Two Palestinian militant groups, Islamic Jihad and the Al Aqsa Martyrs' Brigades, claimed joint responsibility for the attack. An Islamic Jihad Web site said the attack was meant to help bring an end to weeks of Palestinian infighting that has 60 people in the Gaza Strip since December.

"The operation has a clear message to the Palestinian rivals. It is necessary to end the infighting and point the guns toward the occupation that has hurt the Palestinian people," the site said.

The group identified the bomber as Mohammed Saksak, 21, of Gaza City, after earlier saying he came from the West Bank.

Witnesses said the bomber stood out because he was wearing a long winter coat on a warm, sunny day when he struck the small bakery in a residential neighborhood.

"It was very hot, very hot. He had a coat on and it didn't look right to me. I thought to myself, 'What's that idiot dressed like that for?' A couple of seconds later I heard a massive explosion," Benny Mazgini, 45, told Israel Radio.

Shattered glass was visible on the sidewalk outside, alongside bread trays scattered by the blast.

"It was awful — there was smoke, pieces of flesh all over the place," Mazgini said.

The attack was the second homicide bombing in Israel since Hamas won Palestinian parliamentary elections last January.

Homicide bombings are sharply down from their height four years ago, when hundreds of Israelis were killed in dozens of attacks. A renewal of such violence could derail current efforts by the U.S., Israel and Abbas to renew long-stalled peace talks.

Israel is separated from Gaza by a massive separation barrier, and militants have rarely been able to infiltrate.
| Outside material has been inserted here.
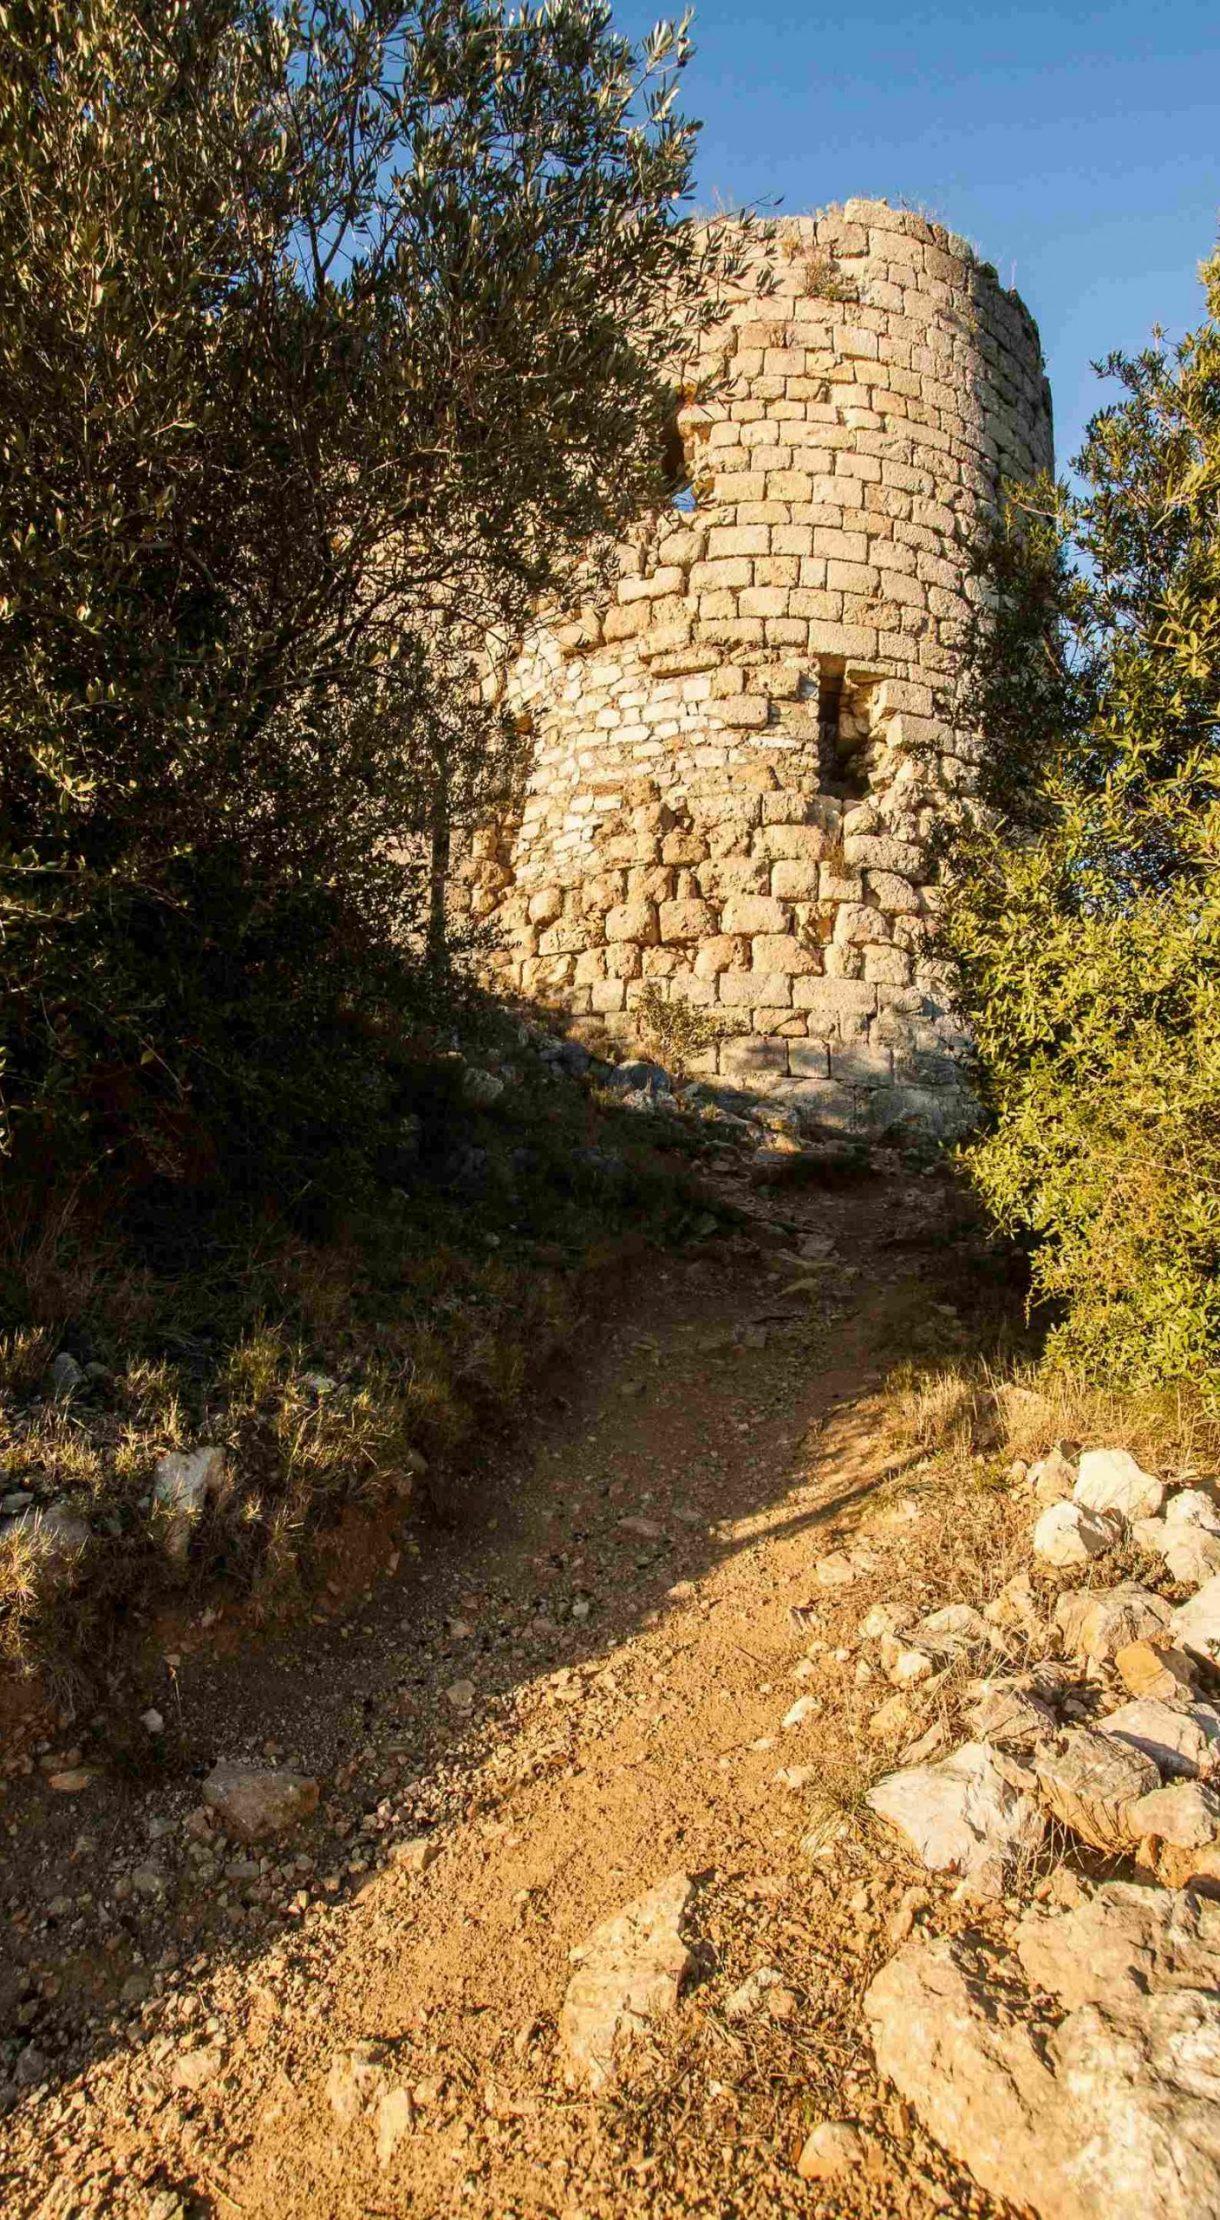 tuchan-0000-00-chateau-aguilar-tour-cr-vincent-photographie.jpg

A bomber sneaked into Israel in a storage crate in March 2004, and last June, Palestinian militants tunneled into Israel and captured an Israeli soldier.

Hamas came under heavy criticism for making statements in support of a homicide bombing in a Tel Aviv restaurant shortly after it took power.

Fawzi Barhoum, a Hamas spokesman in Gaza, called the attack a "natural response" to Israeli military policies in the West Bank and Gaza Strip, as well as its ongoing boycott of the Hamas-led Palestinian government. "So long as there is occupation, resistance is legitimate," he said.

He also said attacks on Israel were preferable to the recent bout of Palestinian infighting in Gaza between his group and the more moderate Fatah Party of President Mahmoud Abbas. "The right thing is for Fatah weapons to be directed toward the occupation not toward Hamas," Barhoum said.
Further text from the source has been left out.